The hadoop used in this blog post is 2.8.0
Open the download address selection page:
http://www.apache.org/dyn/closer.cgi/hadoop/common/hadoop-2.8.0/hadoop-2.8.0.tar.gz
As shown:
The address I use is:
http://mirror.bit.edu.cn/apache/hadoop/common/hadoop-2.8.0/hadoop-2.8.0.tar.gz
The Linux system used here is CentOS7 (in fact, Ubuntu is also very good, but here is the CentOS7 demo), the installation method is not much to say, if necessary, please refer to this blog post:
http://blog.csdn.net/pucao_cug/article/details/71229416
Install 3 machines, and the machine names are hserver1, hserver2, hserver3 (indicating that the machine name is not called this way, and you can use the hostname command to modify it later).
As shown:
Note: In order to avoid the trouble of the following series of authorization, the root account is used to log in and operate directly.
Use the ifconfig command to view the IP of these 3 machines. The correspondence between my machine name and ip is:
192.168.119.128 hserver1
192.168.119.129 hserver2
192.168.119.130 hserver3
For the convenience of subsequent operations, ensure that the hostname of the machine is what we want. Take the machine 192.168.119.128 as an example, log in with the root account, and then use the hostname command to view the machine name
As shown:
Found that the machine name is not what we want. But this is easy to handle. I will change its name. The command is:
hostname hserver1
As shown:
After the execution is complete, check to see if it has been modified, and type the hostname command:
As shown:
Similarly, rename the other two machines to hserver2 and hserver3 respectively.
Modify the /etc/hosts file of these 3 machines and add the following content to the file:
[ plain]view plaincopy
As shown:
Note: The IP address does not need to be the same as mine, here is just a mapping, as long as the mapping is correct, as for the modification method, you can use the vim command, or you can write the contents of the hosts file on your local machine. Get the Linux machine to cover.
After the configuration is complete, use the ping command to check whether the three machines can ping each other. Taking hserver1 as an example, where to execute the command:
ping -c 3 hserver2
As shown:
Excuting an order:
ping -c 3 hserver3
As shown:
If the ping works, it means that the machines are interconnected and the hosts configuration is correct.
Take hserve1 as an example, execute the command to generate a secret key with an empty string (the public key will be used later), the command is:
ssh-keygen -t rsa -P ''
As shown:
Because I am using the root account now, the secret key file is saved in the /root/.ssh/ directory, and you can use the command to view it. The command is:
ls /root/.ssh/
As shown:
Use the same method to generate secret keys for hserver2 and hserver3 (the command is exactly the same, no need to modify it).

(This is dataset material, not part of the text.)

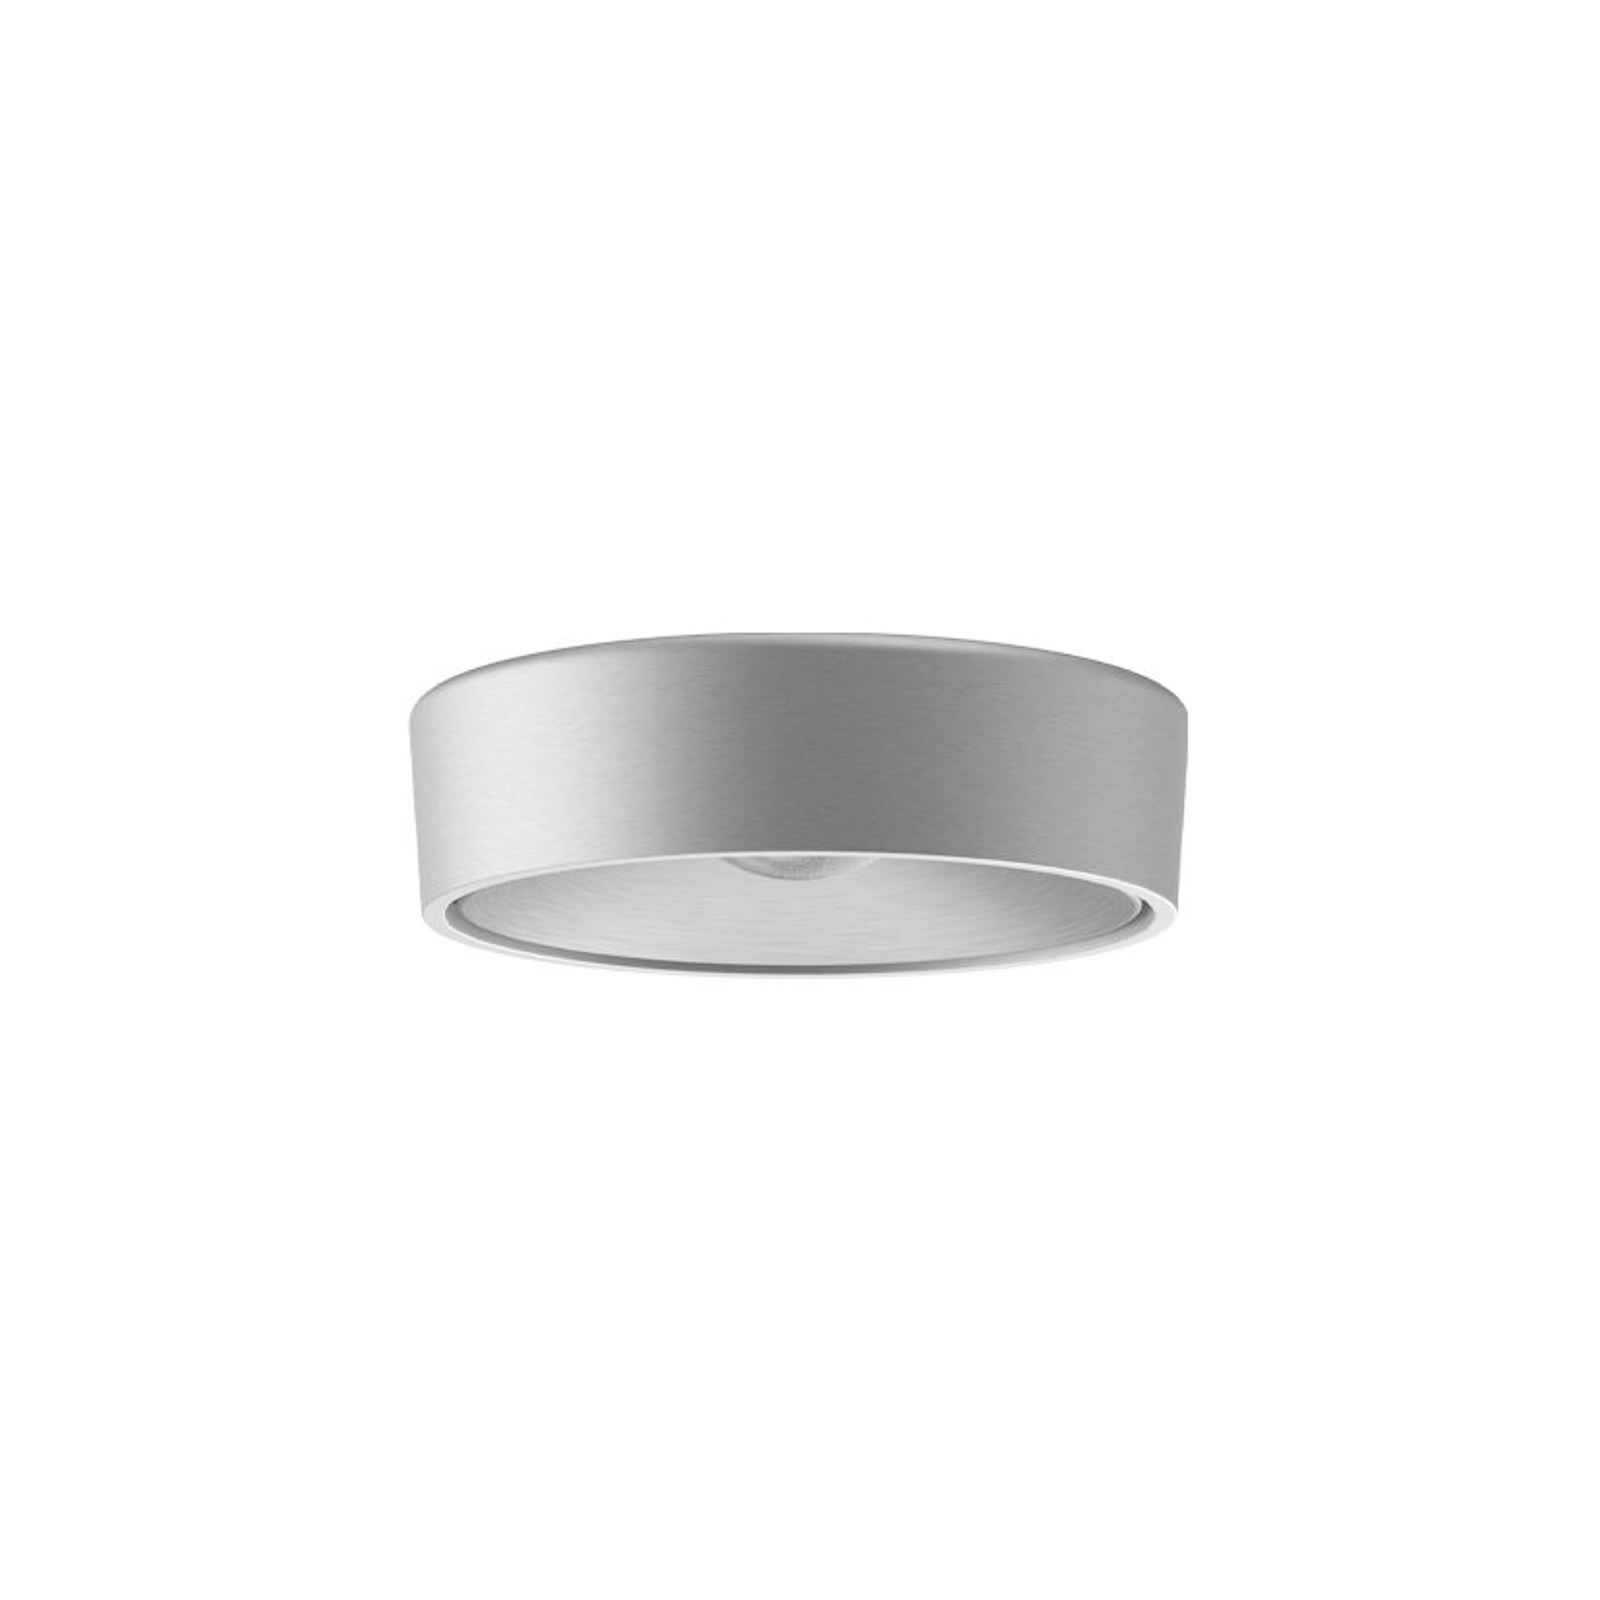 Ribag Kivo Deckenlampe Phase Cut 14cm 2.700K grau

The next thing to do is to save a file with the same content in the /root/.ssh/ directory of the three machines. The file name is authorized_keys. The content of the file is the public key we just generated for the three machines. For convenience, my next step is to generate an authorized_keys file on hserver1, and then add the public keys generated by the three machines to the authorized_keys file of hserver1, and then copy the authorized_keys file to hserver2 and hserver3.
First use the command to generate a file named authorized_keys in the /root/.ssh/ directory of hserver1. The command is:
touch /root/.ssh/authorized_keys
As shown:
You can use the command to see if the generation is successful, the command is:
ls /root/.ssh/
As shown:
Then copy the contents of the /root/.ssh/id_rsa.pub file on hserver1, the contents of the /root/.ssh/id_rsa.pub file on hserver2, and the contents of the /root/.ssh/id_rsa.pub file on hserver3 to this authorized_keys. In the file, there are many ways to copy, you can use the cat command and the vim command to get it, or you can directly download the /root/.ssh/id_rsa.pub file on the three machines to the local, and edit the authorized_keys file locally Fortunately, upload to these 3 machines.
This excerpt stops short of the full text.